Dataset extract:
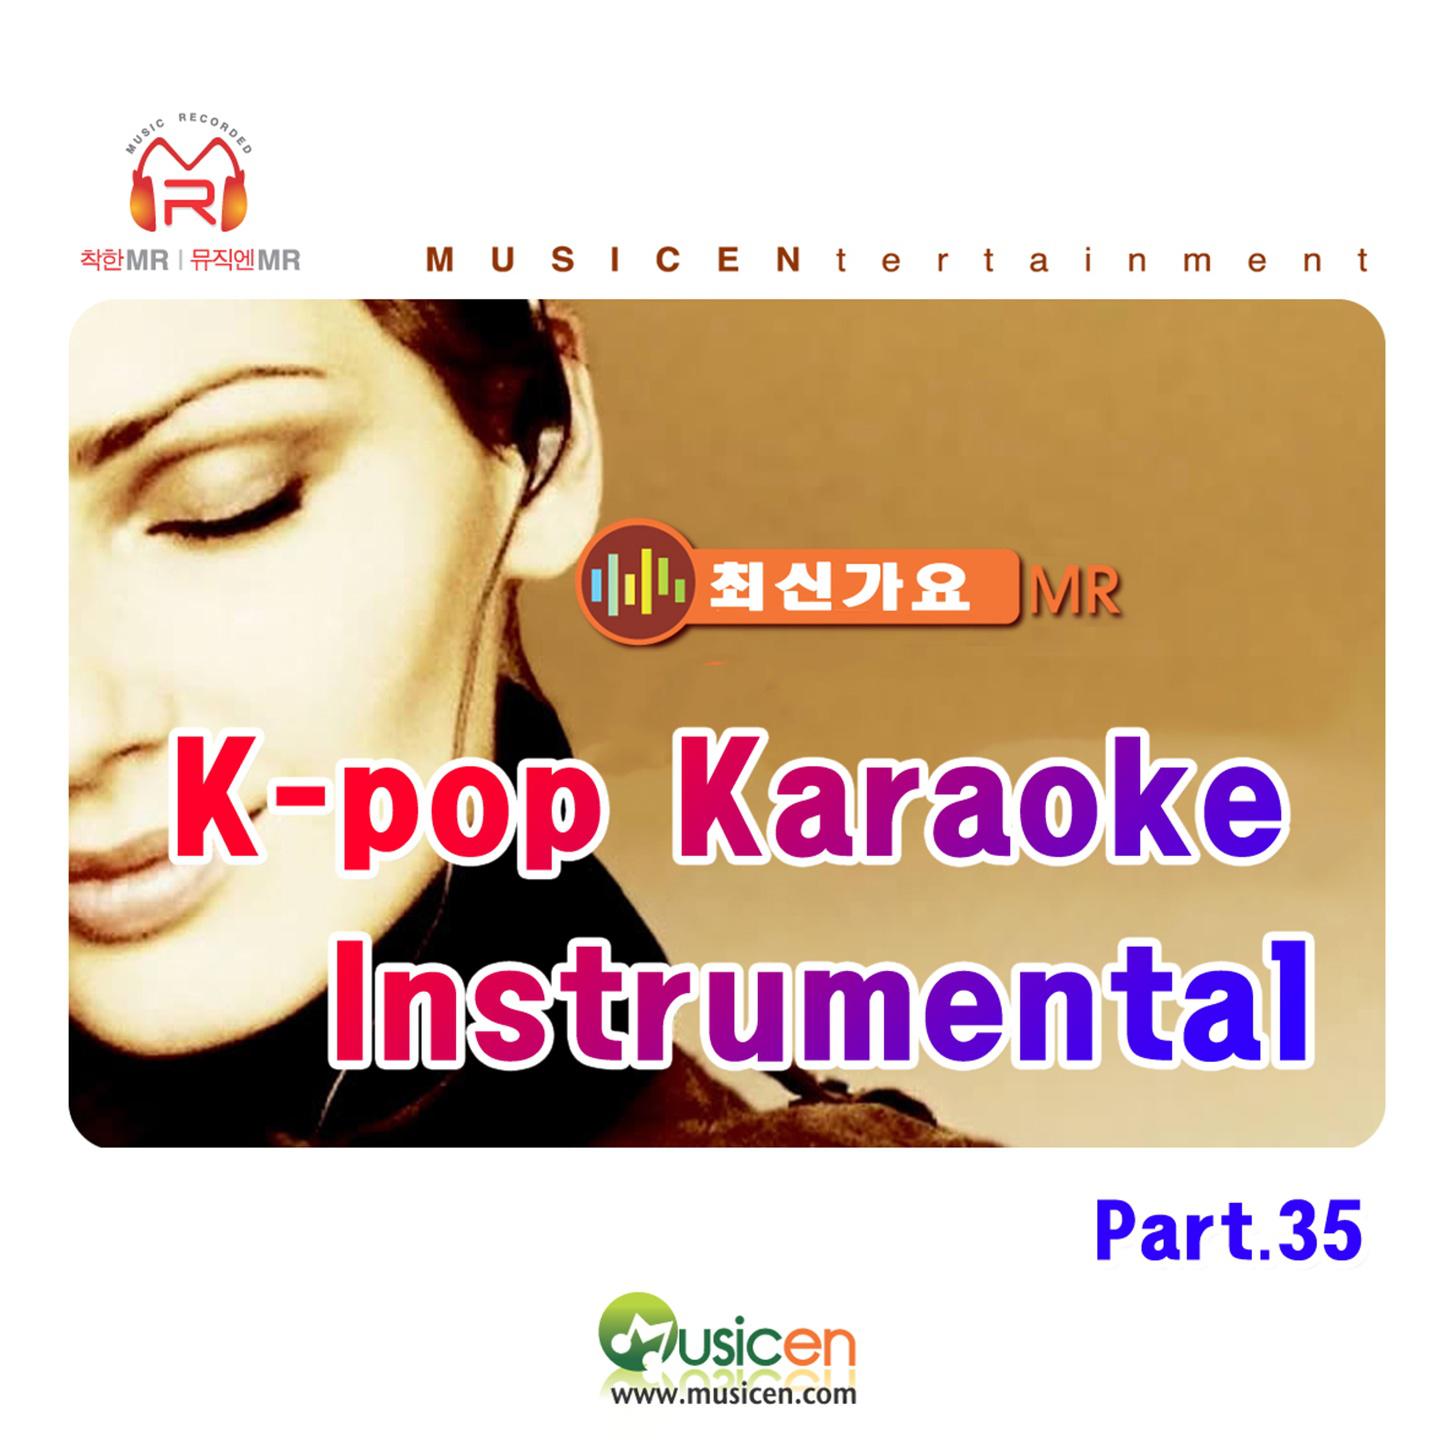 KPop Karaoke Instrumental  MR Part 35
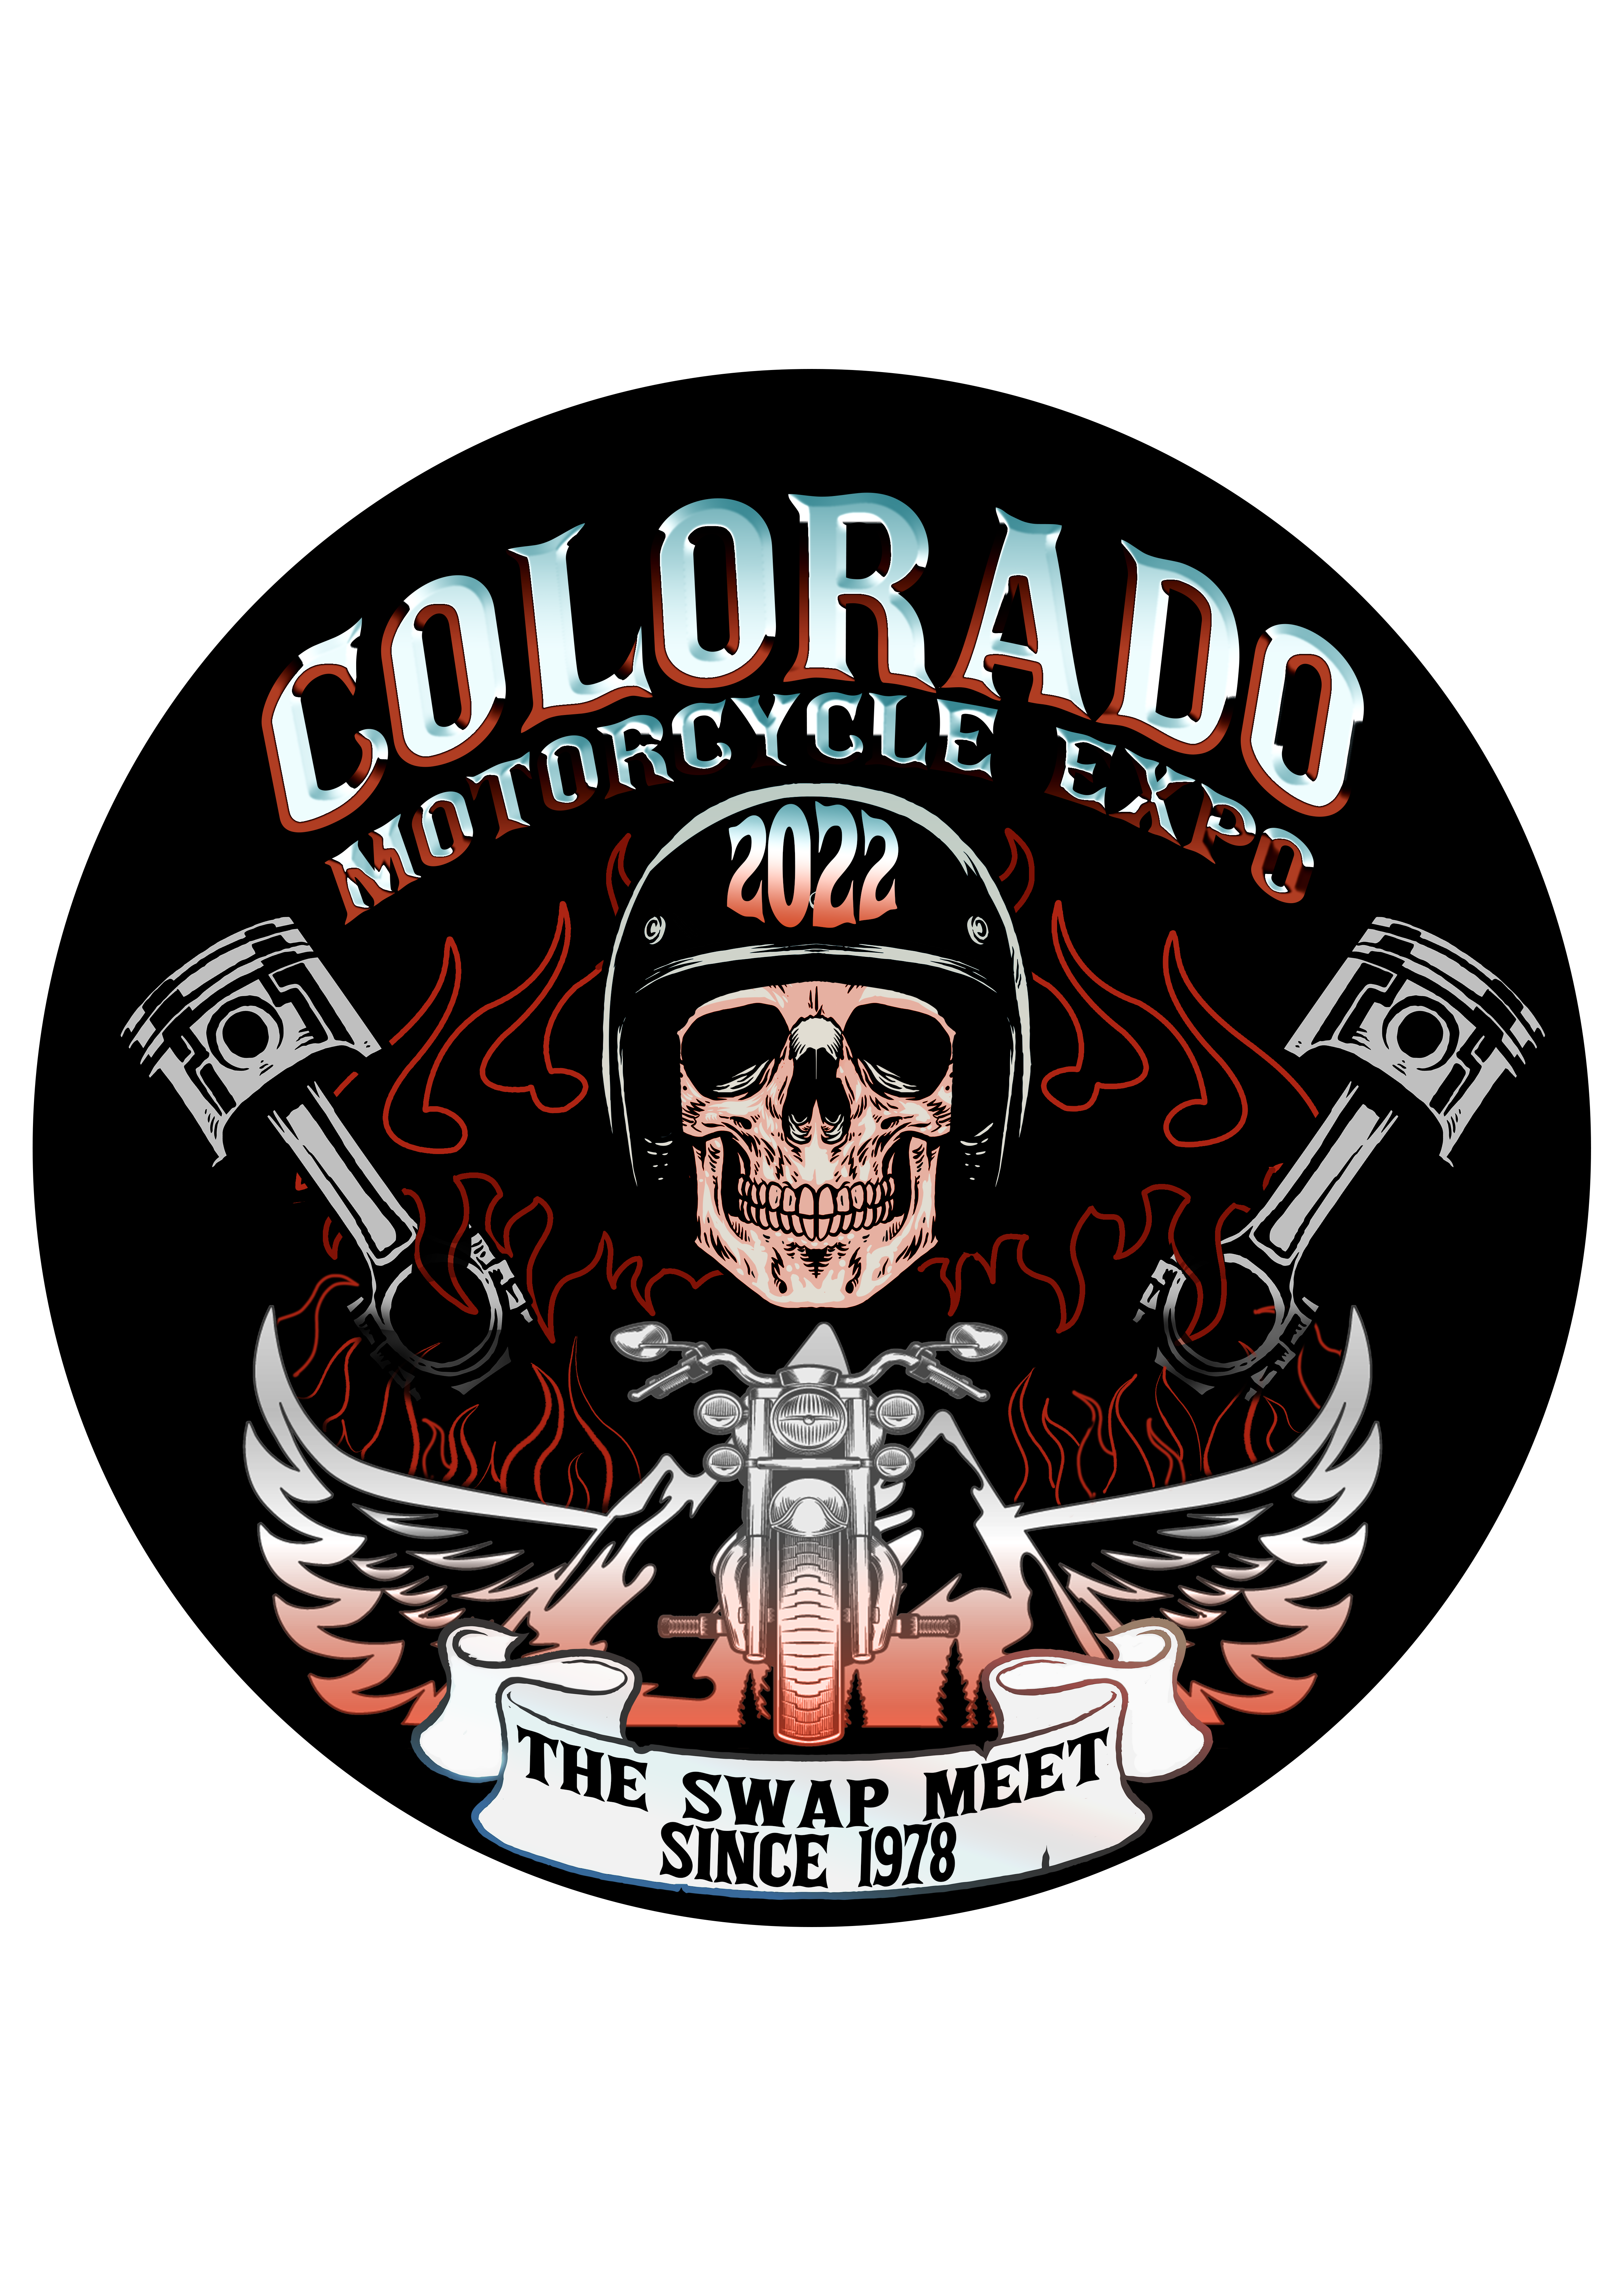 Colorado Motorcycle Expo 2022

* * *

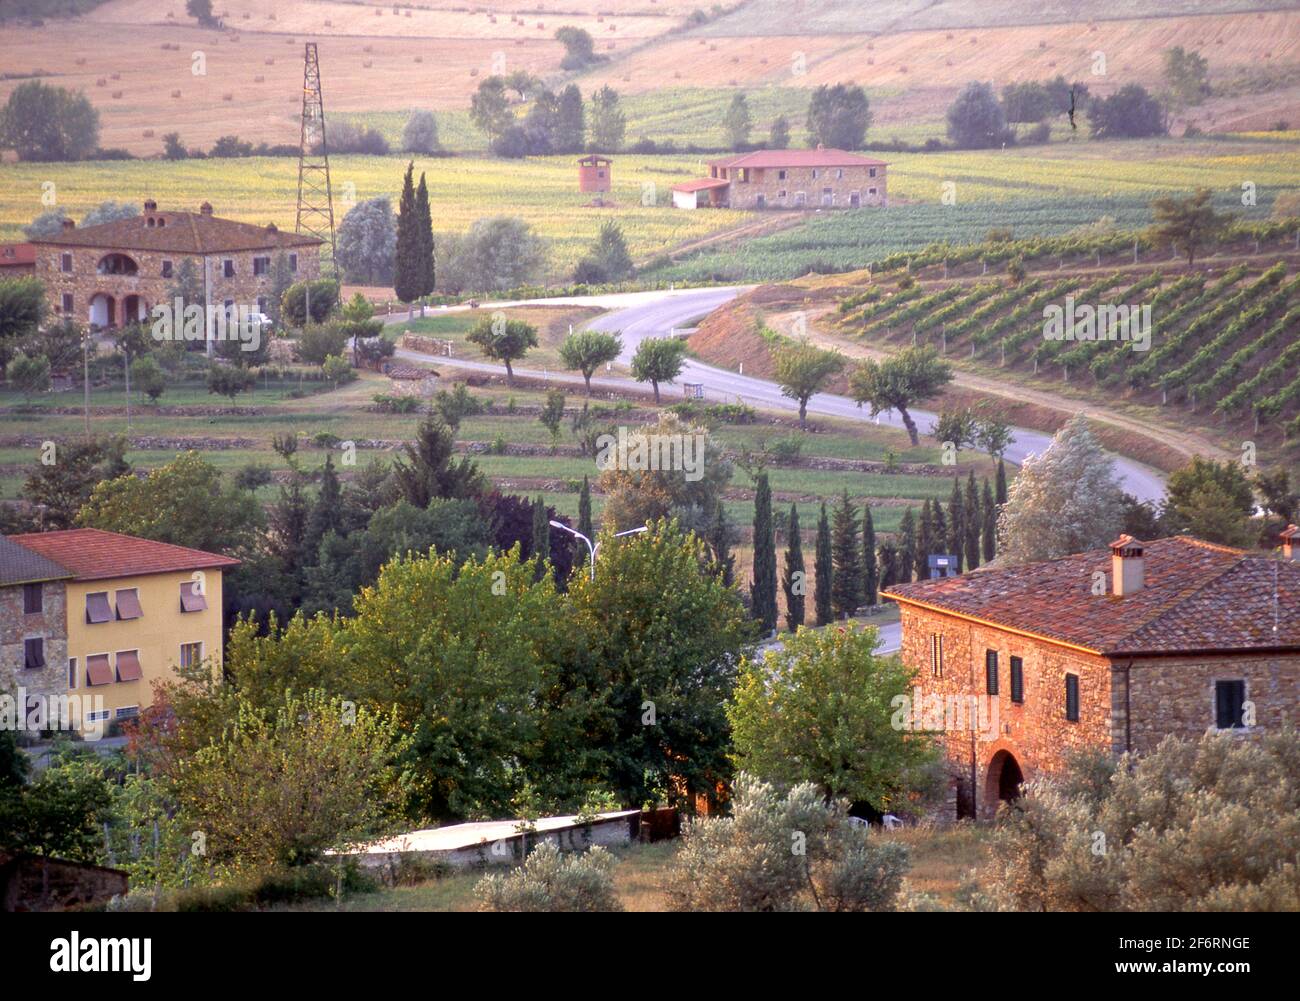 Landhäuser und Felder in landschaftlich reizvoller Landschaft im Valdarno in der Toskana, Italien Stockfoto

What is needed:
An exact copy of the lines above from the one with "KPop Karaoke Instrumental" up to and including the one with "Colorado Motorcycle Expo 2022" is required; reproduce only those lines, omitting all pictures.

Exercise solution:
 KPop Karaoke Instrumental  MR Part 35
 Colorado Motorcycle Expo 2022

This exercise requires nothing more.